Patients who have any of the following laboratory test findings:
Patients with positive reaction for human immunodeficiency virus (HIV) or hepatitis virus C (HCV) antibody or hepatitis B virus surface (HBs) antigen, or patients with untreated serious infections.
Patients with clinically significant cardiac disorders or unstable ischemic heart diseases including myocardial infarction within six months before the registration for the study.
Patients with marked Baseline prolongation of QT/QTc interval (QTc interval greater than 450 msec for males or greater than 470 msec for females) using the Fridericia method for QTc analysis.
Patients with hemorrhagic or thrombotic diseases or who are using therapeutic doses of anticoagulants such as aspirin, warfarin, or ticlopidine.
Patients who are diagnosed with hypertension (defined as repeatedly measured blood pressure = 160/90 mmHg) at Screening, irrespective of use of antihypertensive drugs.
Patients who have proteinuria greater than 1 on bedside testing.
Patients who have history of insufficient gastrointestinal absorption, or patients who received gastric or intestinal anastomoses within 4 weeks before registration.
Patients who have history of alcoholism, drug addiction or mental or physical disorders, which, in the investigators opinion, may impair study compliance.
Patients who received any investigational drug within 30 days before the registration of the study.
Patients who received CYP3A4 inhibitors including itraconazole, erythromycin, clarithromycin, diltiazem or verapamil during screening and who have to use these drugs during the study.

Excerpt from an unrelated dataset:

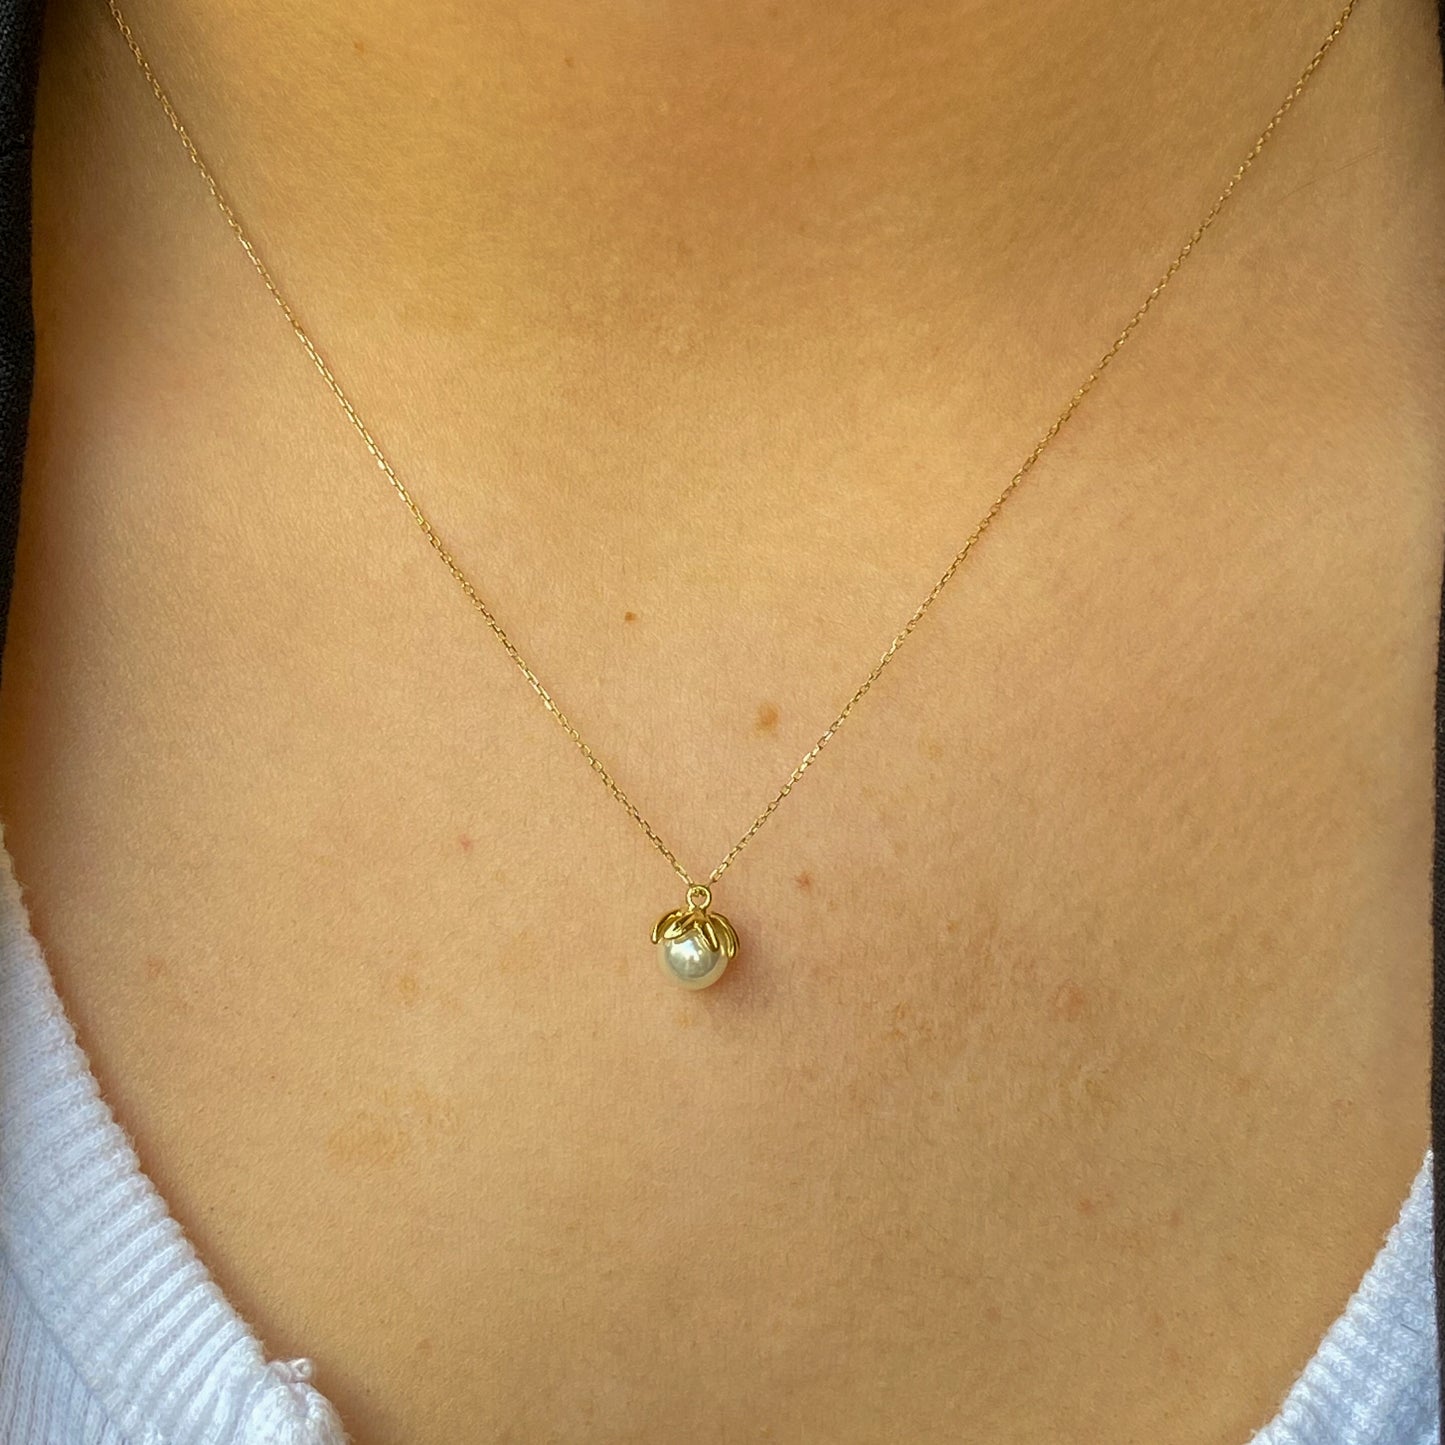 14ct Gold Camellia Pearl Pendant Necklace - John Ross Jewellers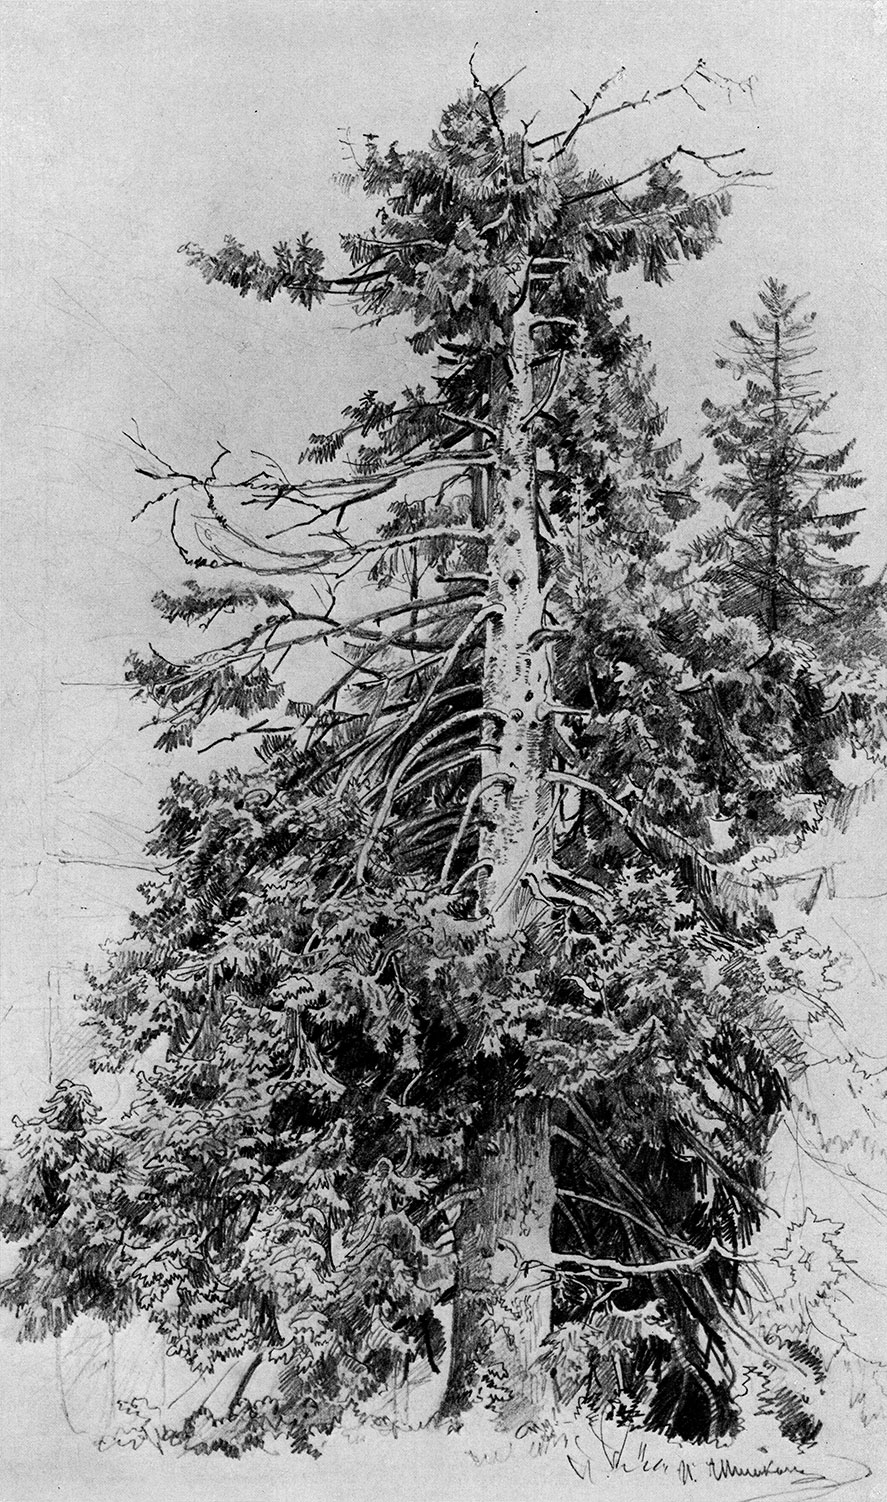 90. Fir-tree. 1870s. Lead pencil on paper. 48.5X30 cm. Museum of the Academy of Arts, Leningrad

Pregnant or nursing patients (all female patients with pregnancy potential must have negative pregnancy test performed before registration, and post-menopausal women must be amenorrheic for at least 12 months.) Female patients must use appropriate contraception.
Fertile male patients who refuse to use contraception, or whose female partners are not using appropriate contraception.
Patients who are judged by the investigator to be inappropriate for the study.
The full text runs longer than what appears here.